После того как преграда была преодолена, Арриан почувствовала облегчение: свобода уже близка! За следующим поворотом чьи-то руки мягко и уверенно увлекли ее в тень.

— Ну, наконец-то, миледи, — с улыбкой проговорил капитан Норрис. — Как я рад вас видеть! Мы уж боялись, что ваш план провалится.

— Надо торопиться, — перебила его Кэссиди, устремляясь к шлюпке. Сама яхта стояла на якоре неподалеку, в закрытой бухте.

Как только дамы сели, гребцы взялись за весла, и шлюпка, рассекая волны, стала быстро продвигаться вдоль берега.

Вдыхая свежий морской ветер, Арриан ликовала, как ребенок, однако стоило ее взгляду упасть на стены Айронуортского замка, как в сердце опять вернулись мучительные сомнения. «Странно, — думала она, — если желанная свобода так близка, то почему так хочется выпрыгнуть из шлюпки и броситься назад, к Уоррику?»

Сквозь душившие ее слезы Арриан почувствовала тепло материнских объятий.

— Не плачь, любовь моя. Все уже позади. Больше ты его никогда не увидишь.

Пряча заплаканное лицо в складках материнского плаща, Арриан невольно вздрогнула. Никогда? Ах, почему это слово отзывается в сердце такой мучительной болью?

Пока шлюпка, качаясь на приливной волне, подплывала к «Соловью», с вершины утеса за нею внимательно следили два всадника.

— Ты был прав, Уоррик, они не замедлили воепользоваться твоим отсутствием, — сказал Мактавиш.

Взгляд Уоррика был прикован к едва различимой фигурке в шлюпке.

— Когда ты сказал мне, что возле берега появилась какая-то яхта, я сразу догадался, что ей здесь нужно.

— А леди Арриан, верно, думает, что она тебя обманула?

— Разумеется. Стоило мне объявить им, что меня не будет сегодня в замке, как они воспользовались моим отсутствием.

На миг лицо вождя Драммондов исказилось болезненной гримасой, и это не ускользнуло от пристального взгляда Мактавиша.

— Ты поступил правильно, сынок.

— Вероятно, ты прав, и это единственное, что мне оставалось… Но я все же надеялся, что в последний момент она может передумать.

— Да, мне показалось, что между вами что-то было…

— Мало ли что тебе показалось, — оборвал его Уоррик и, развернув Тайтуса, поскакал к замку.

Вскоре свист ветра в ушах и мерный стук копыт заглушили крики морских чаек и рокот волн, бьющихся в подножие утеса.

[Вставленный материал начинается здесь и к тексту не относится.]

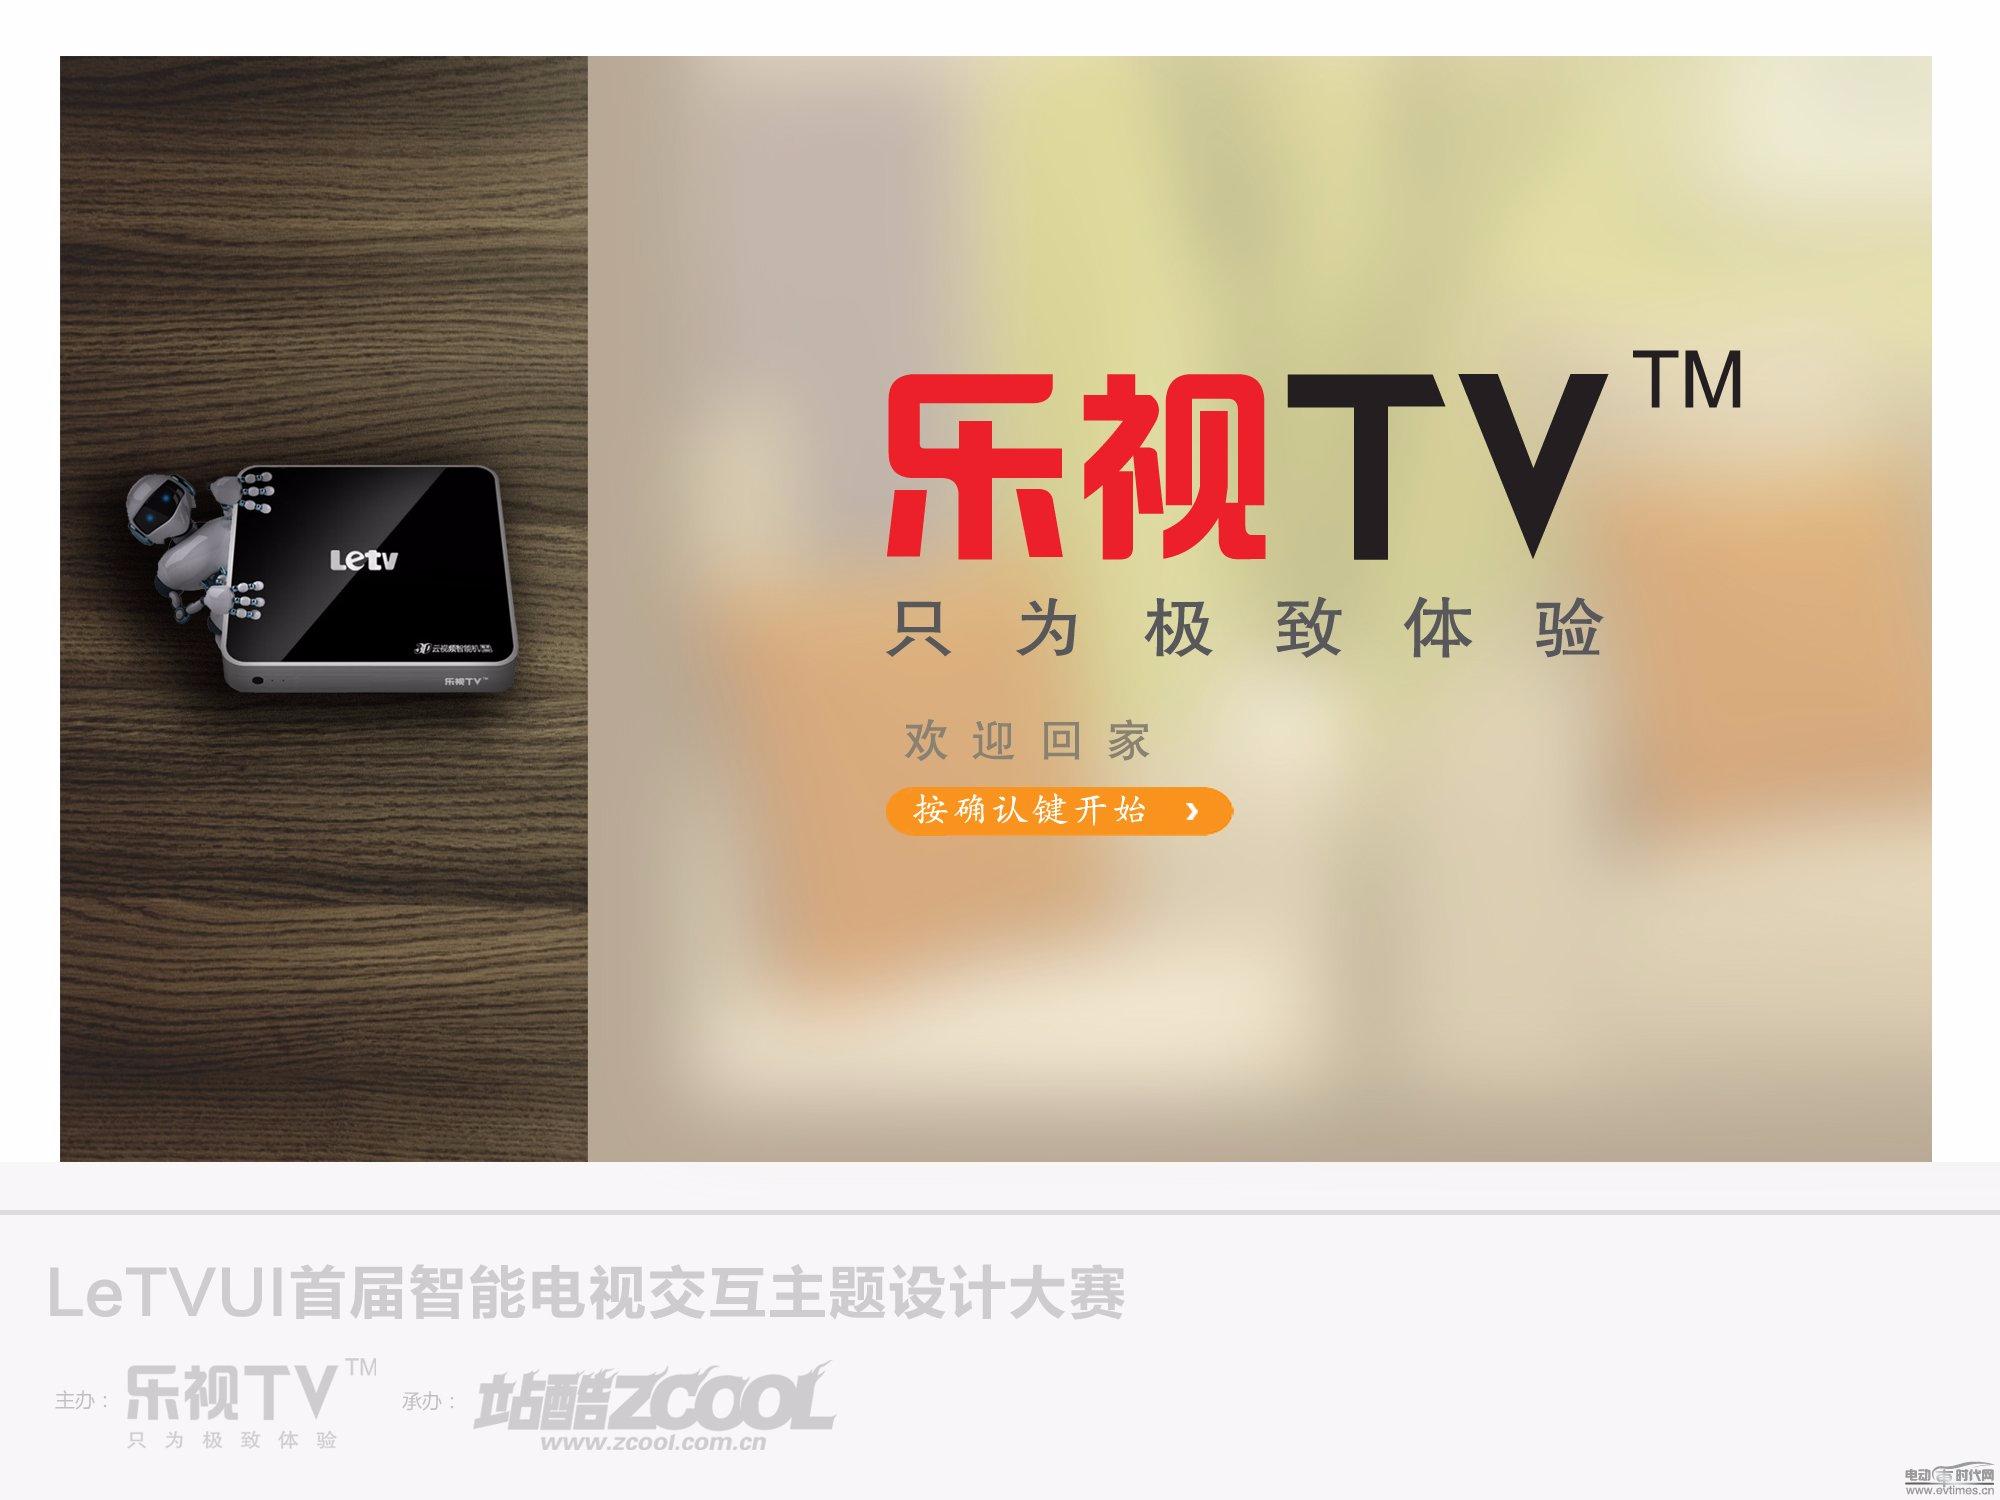 闫肖锋:没有核心技术的手机企业走不远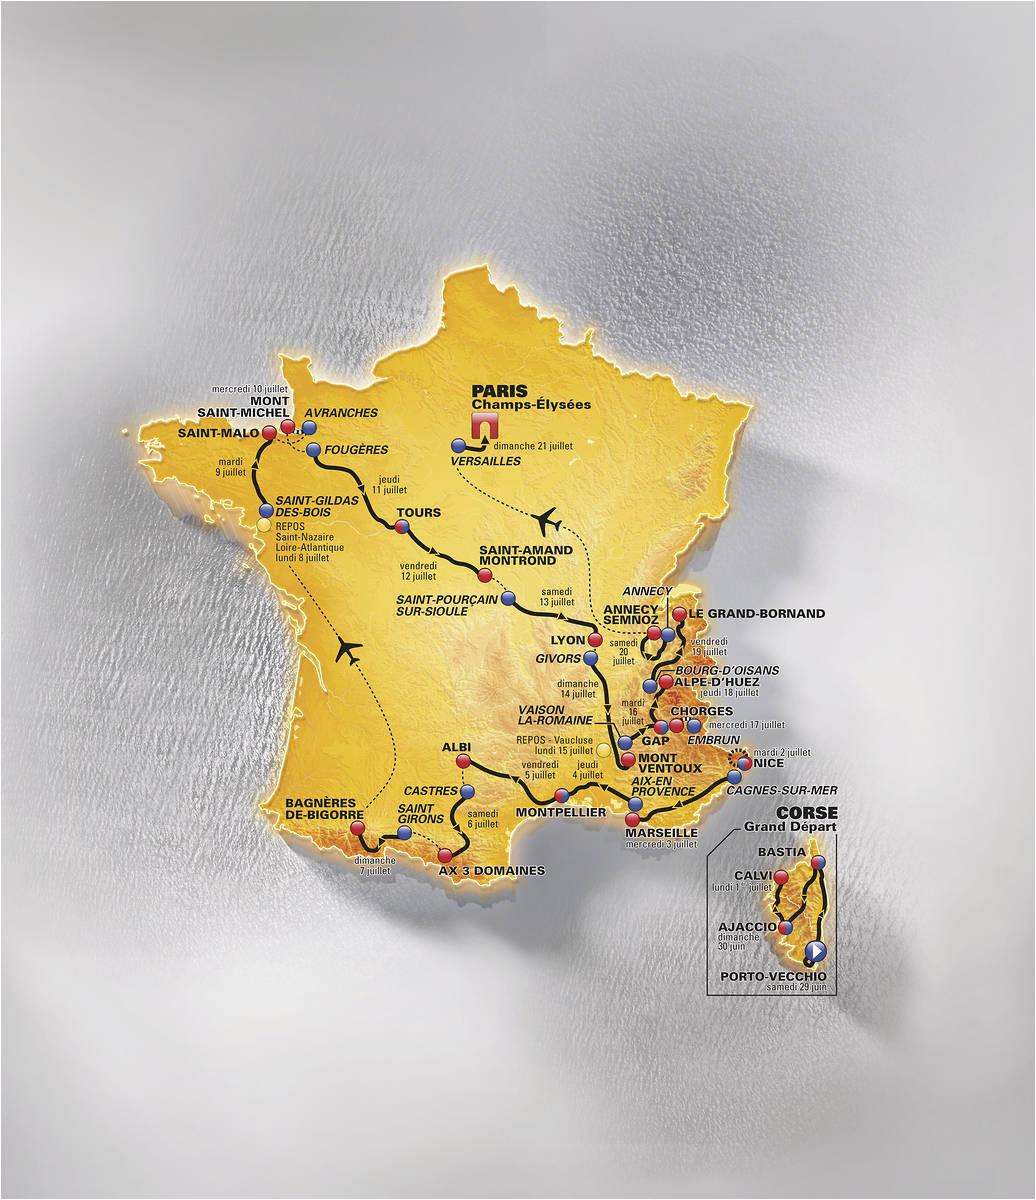 Tour De France Route 2013 Map tour De France 2013

Целых три дня после отъезда Арриан Уоррик не мог заставить себя переступить порог ее спальни. Наконец, собравшись с духом, он толкнул незапертую дверь. В комнате совсем не было беспорядка, все вещи лежали на своих местах, словно хозяйка только что вышла и вот-вот вернется.

Некоторое время он неуверенно, как непрошеный гость, стоял посреди комнаты, потом подошел к боковой двери и заглянул в маленькую гардеробную.

Здесь были сложены дорожные сундуки с дамскими нарядами, по всей видимости, то самое приданое, за которым Арриан вместе со своими родными ездила в Париж. Теперь все оно осталось в Айронуорте.

Уоррик приподнял крышку сундука и провел рукой по бархату бордового платья, в котором он когда-то впервые ее увидел. Закрыв глаза, он поднес его к лицу: мягкая ткань еще хранила нежный, едва уловимый запах ее тела. От этого сердце его тоскливо сжалось, он торопливо свернул платье и убрал его в сундук.

На полу валялась красная туфелька из атласа, купленная, вероятно, в тон платью. Держа ее на ладони, Уоррик вдруг с новой остротой почувствовал, как хрупка и беззащитна ее хозяйка и как сам он был непростительно жесток с нею.